Segment Open

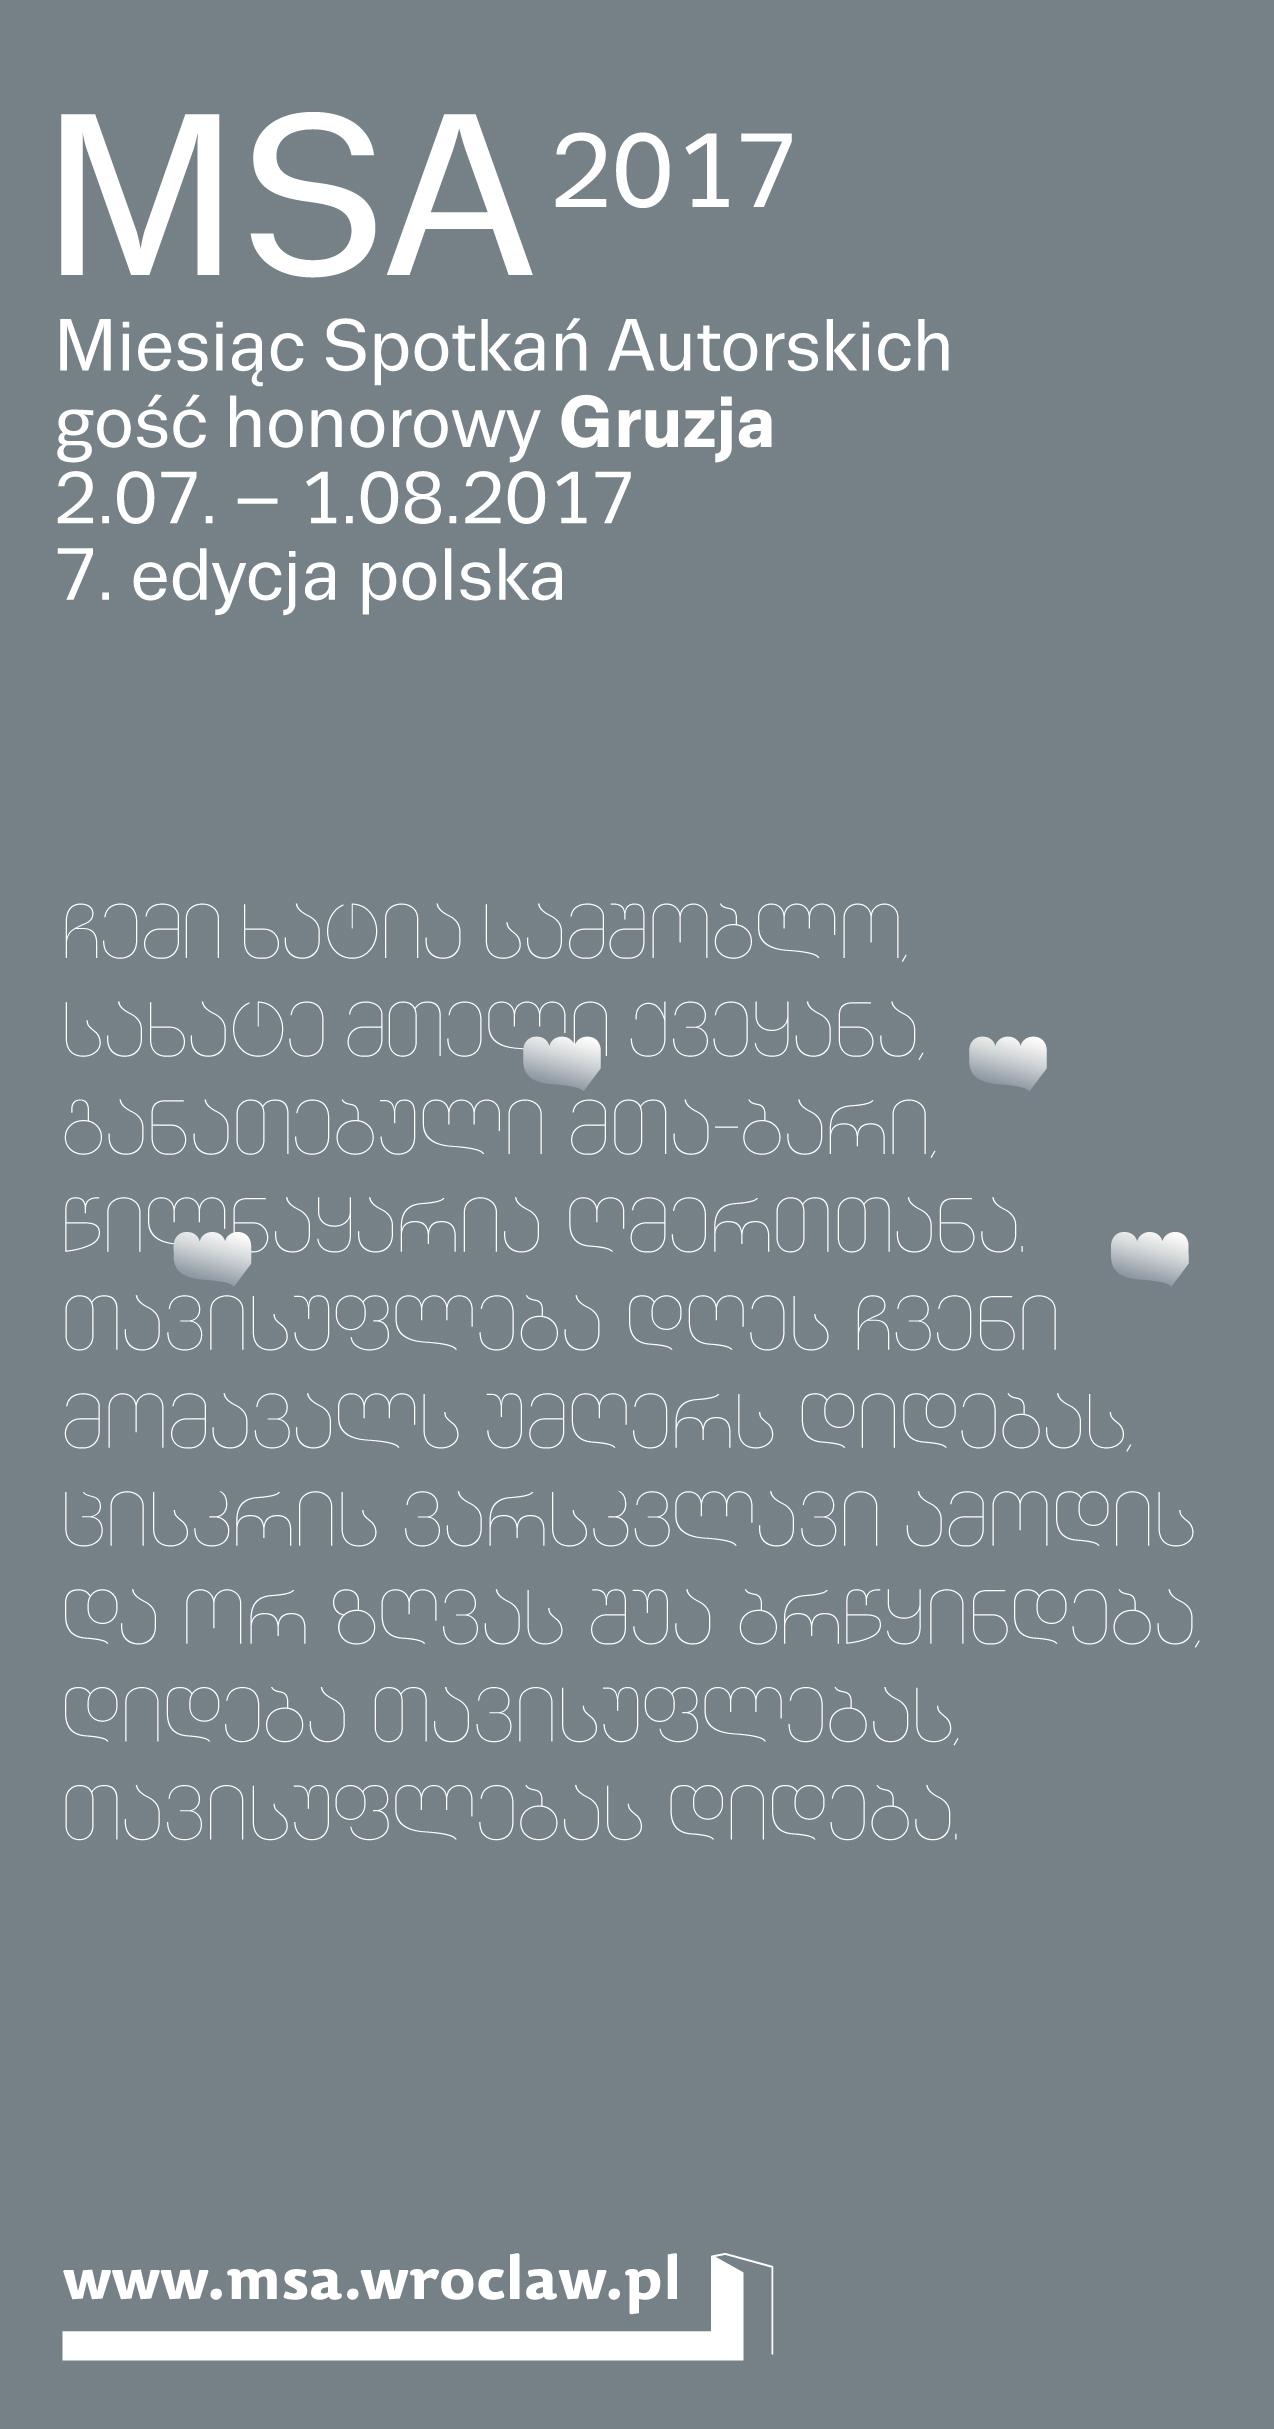 Miesiąc Spotkań Autorskich we Wrocławiu (źródło: materiały prasowe organizatora)
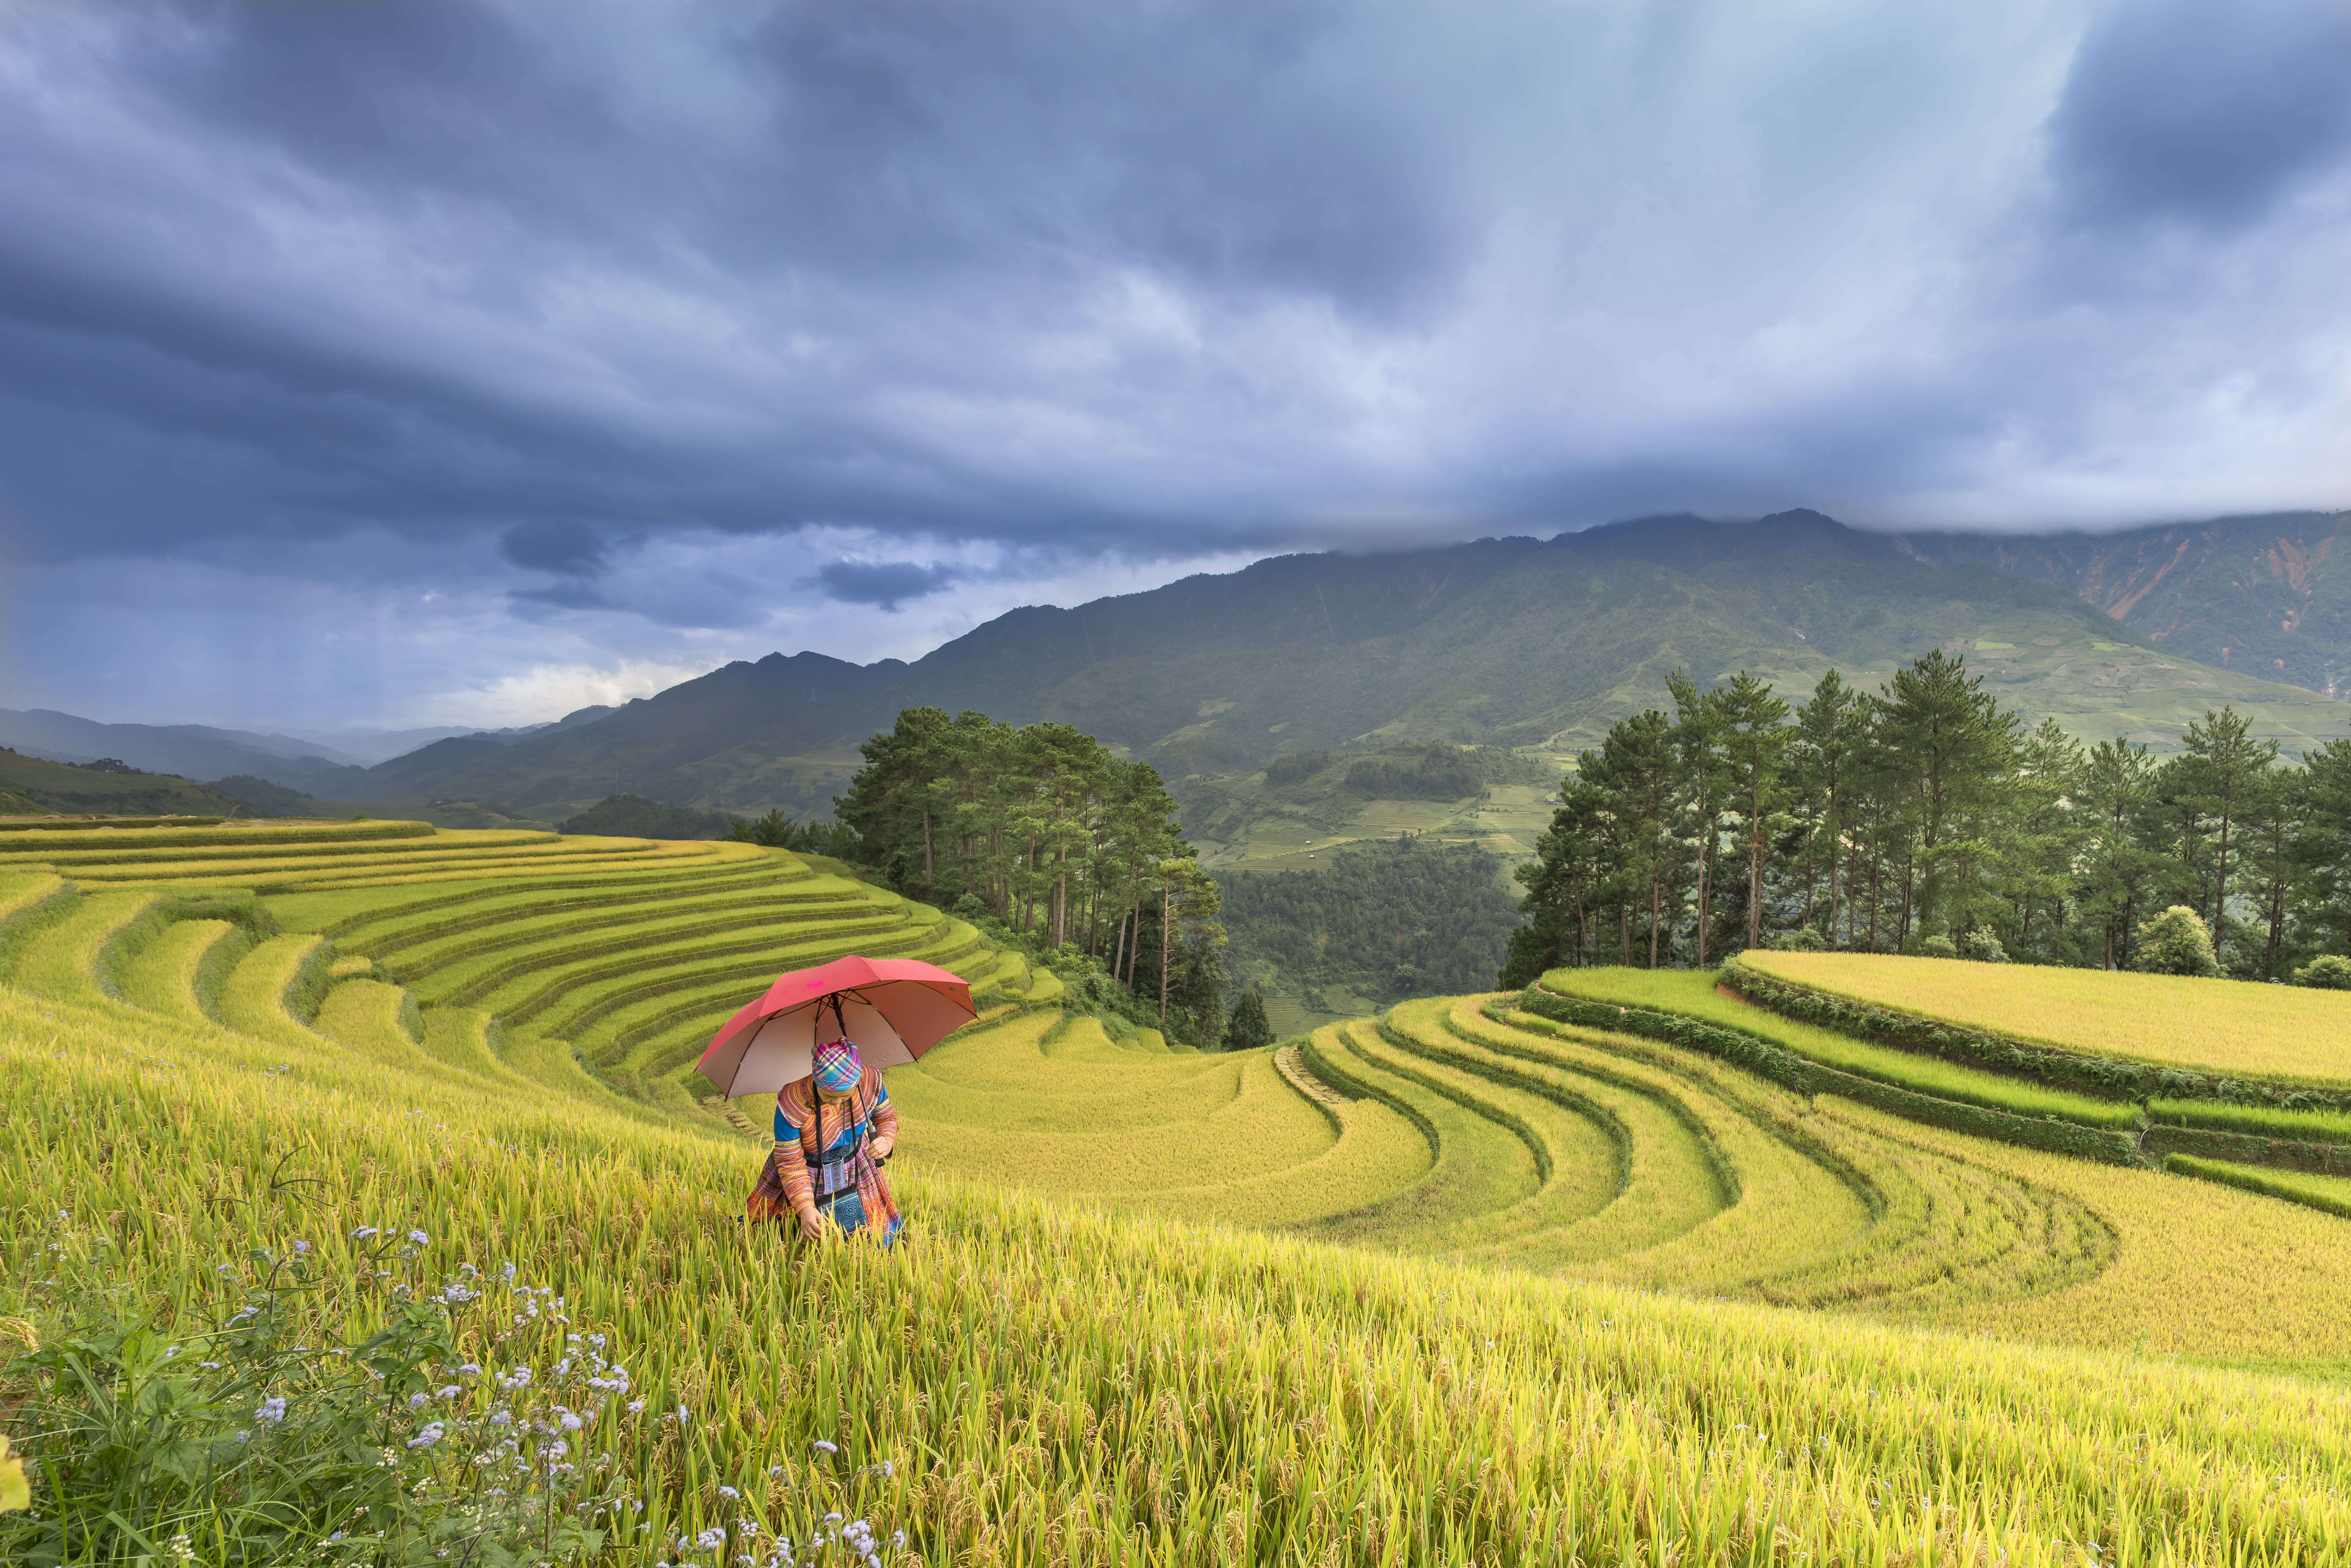 คลังภาพถ่ายฟรี ของ กลางแจ้ง, การเกษตร, การเจริญเติบโต, ข้าว
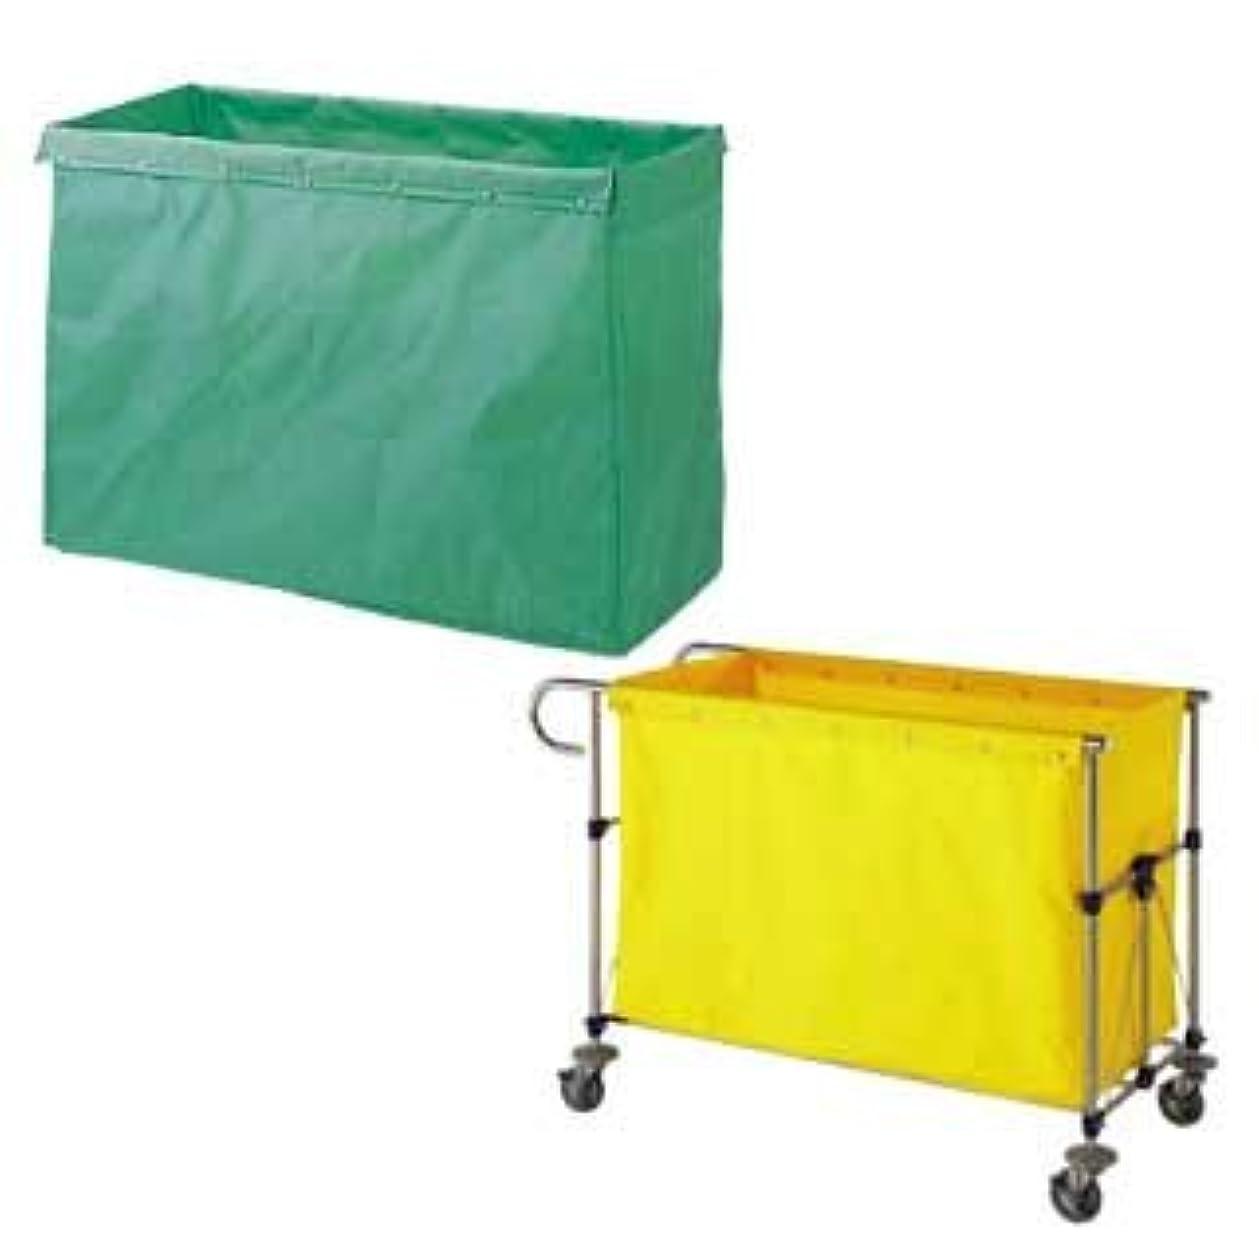 交じる放射するきらきら山崎産業 清掃用品 リサイクル用システムカート 360L収納袋 グリーン
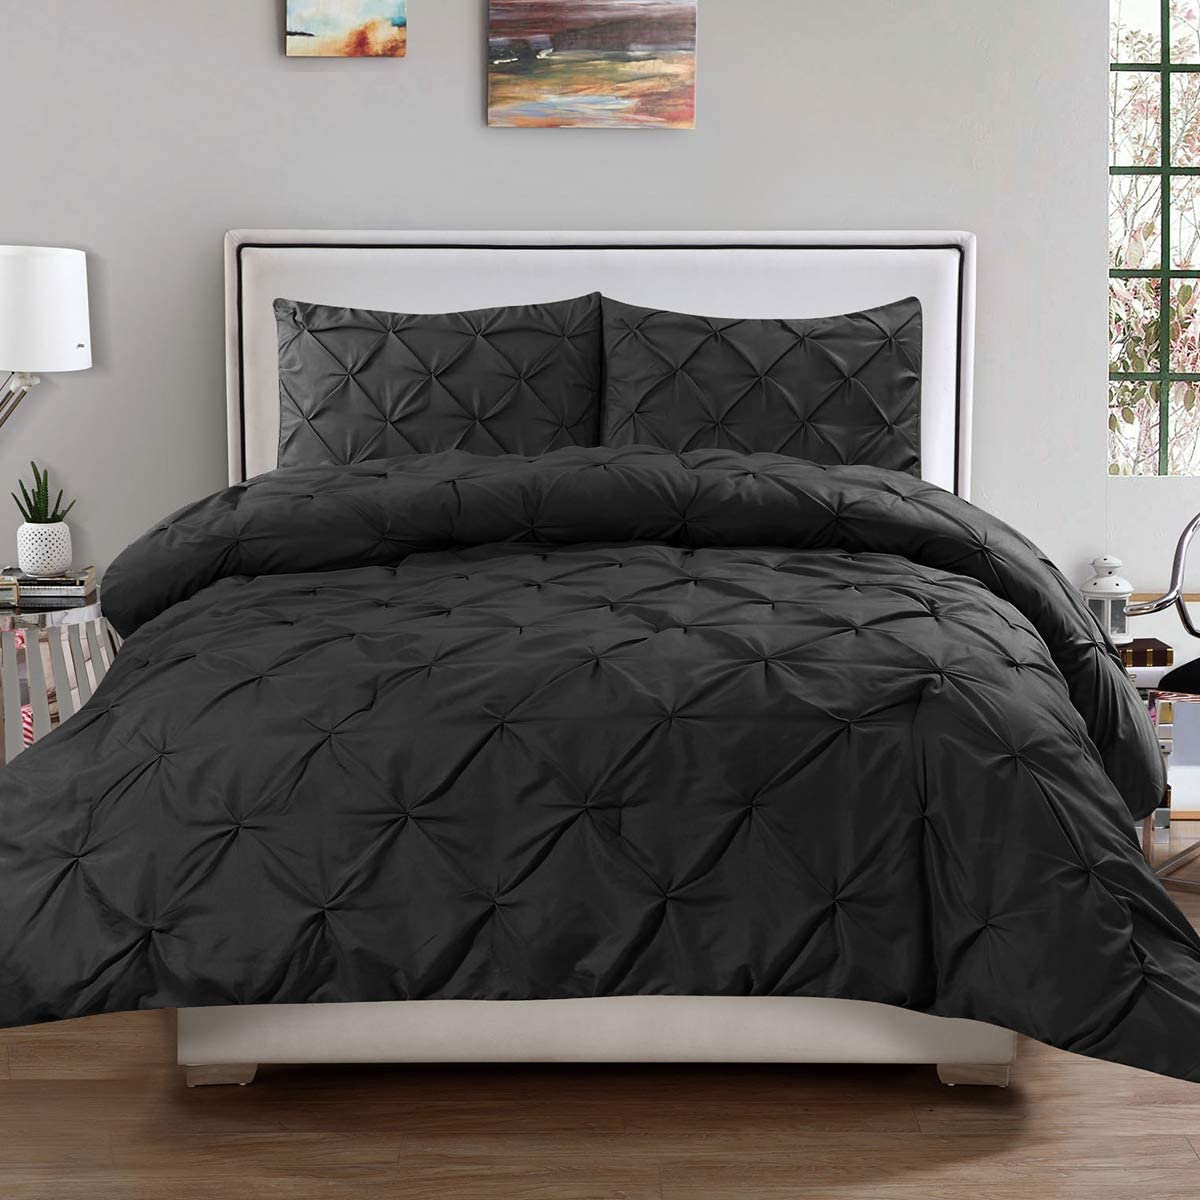 Luxe Pintuck duvet//Quilt Cover Set avec taies en polycoton Literie Tailles

Segment Closed

Exercise directions. Take the listing above and retype it exactly. Its pictures are to be omitted.

Task solution.
 Miesiąc Spotkań Autorskich we Wrocławiu (źródło: materiały prasowe organizatora)
 คลังภาพถ่ายฟรี ของ กลางแจ้ง, การเกษตร, การเจริญเติบโต, ข้าว
 交じる放射するきらきら山崎産業 清掃用品 リサイクル用システムカート 360L収納袋 グリーン
 Luxe Pintuck duvet//Quilt Cover Set avec taies en polycoton Literie Tailles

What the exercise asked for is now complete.